Craft alone doesn’t necessarily equate to quality, however. Rose said he also looks for a sense of drama in selecting works, music that is constructed with narrative in mind. “I like pieces that are temporal and take you on some kind of journey, either in thematic development or some extramusical idea or story,” he said. He also cited an “orchestral sound” as a criterion for quality, or a composer’s ability to creatively use the full range of an orchestra’s timbral and dynamic possibilities. “What I really want is for a decent-sized audience to get affected by the pieces they’re listening to. It matters more what it says than what the language is.”
“There’s so much good music out there can excite an audience,” Botstein concurred. “The symphonies of Piston are very good, for example, they’re very strong, and they make a terrific impression. I would argue that the late Elliott Carter makes a wonderful impression on the contemporary audience if it stops wondering how it’s put together.”
The quality is there. The innate interest, not so much, but efforts by Botstein and Rose and Fletcher do seem to be bumping the needle, and Rose isn’t shy about claiming some of the credit due to his and his orchestra’s efforts. Next year’s post-pandemic programming may not be indicative of this change, as organizations may dig into the familiar and comfortable to pull listeners back into the physical concert hall. However, there is another factor at play at present. America’s institutions, musical and otherwise, are grappling with questions of equity, particularly racial equity, spurred by the enormous response to the 2020 police killing of George Floyd. Administrators have scrambled to program works by composers neglected for their gender identity or their race. “These things certainly are happening at the same time,” said Rose. “The motivation is different, though. One is a drive for a more equitable picture for what especially composition is really like. Our musical culture is much more kaleidoscopic than most people think.”
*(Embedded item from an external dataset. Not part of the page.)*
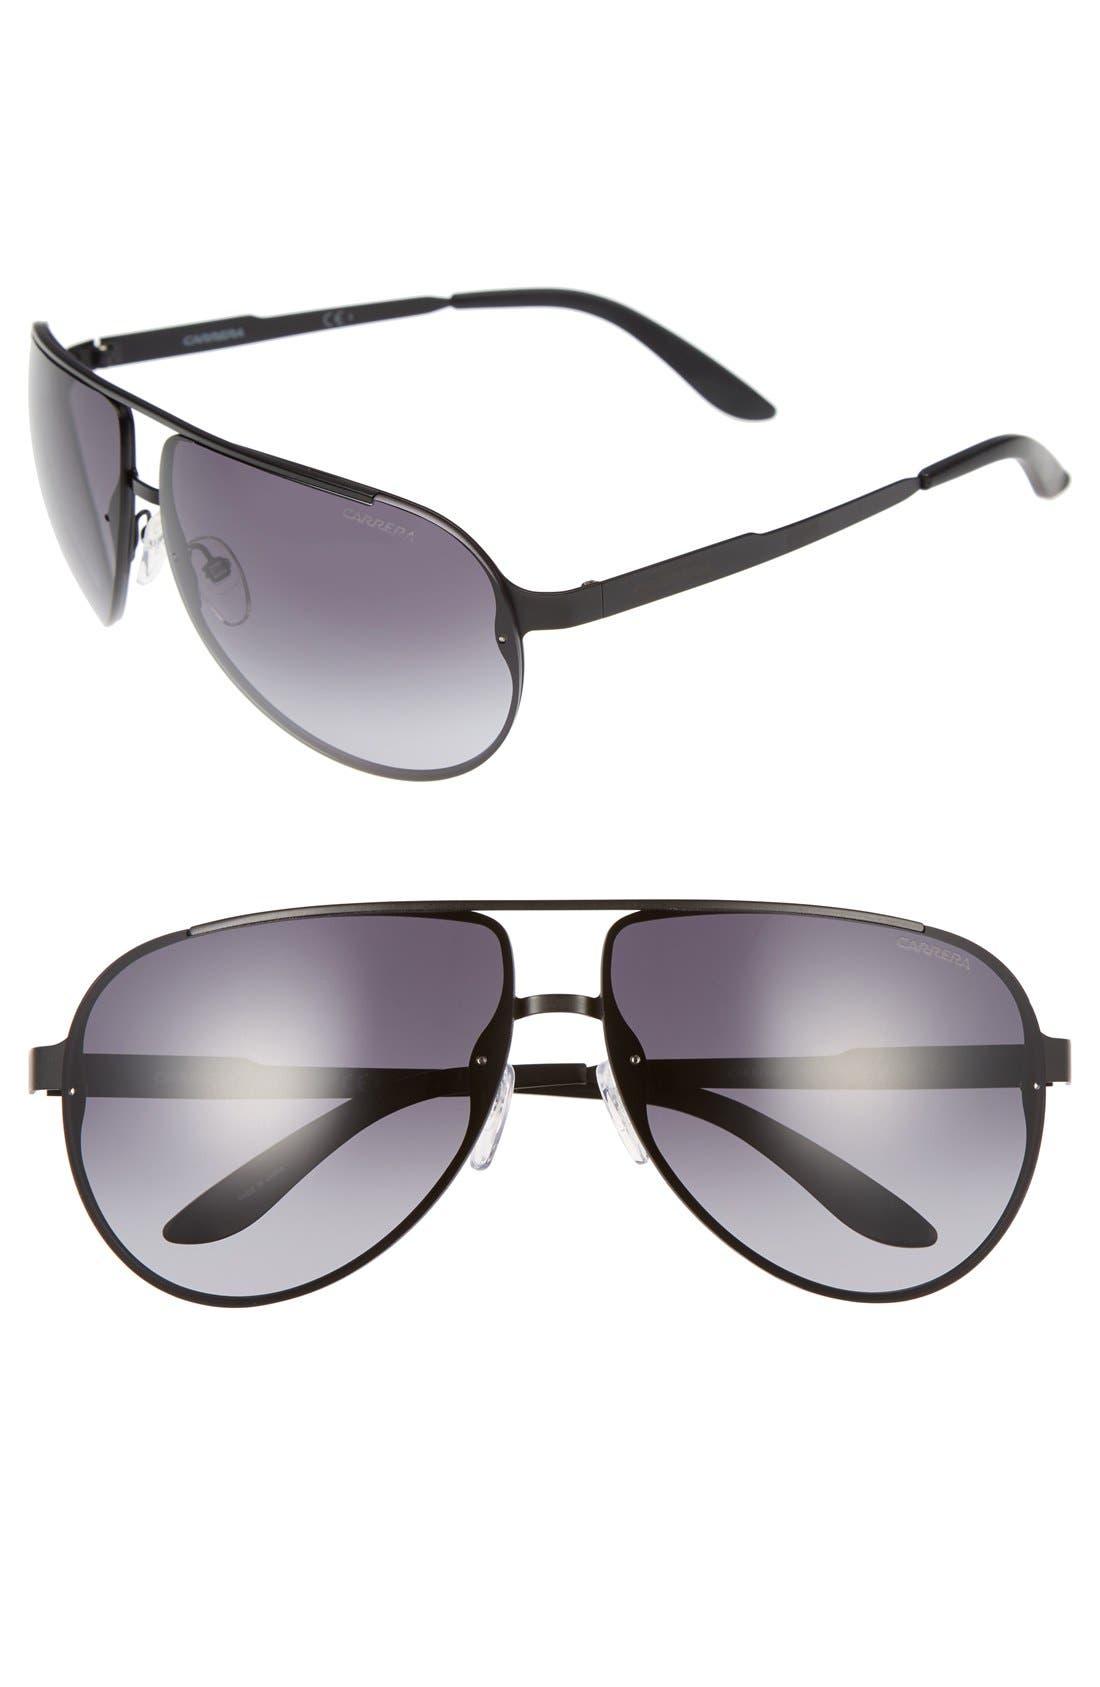 CA102 65mm Aviator Sunglasses,                             Alternate thumbnail 4, color,                             001

The 2021 Bard Music Festival (Aug. 6–15) will explore the music of Nadia Boulanger, whom Botstein called the most influential woman of 20th-century music as well as “the chief architect of all American music,” including those midcentury modernists. Recent albums by the Boston Modern Orchestra Project spotlight the likes of Perle, Carter, John Harbison, and others. There is no reason for America’s major orchestras not to explore such music other than that it is not familiar. But how can it become familiar unless it is programmed? “I could program 20 years of an orchestral season with entirely new work from this period,” Botstein said. “Some of this music can grab you on first hearing. I think what performers need to do is to bring out some of this repertoire and play with commitment. The most successful programs offer something new.” Even if that something new is, in fact, something midcentury.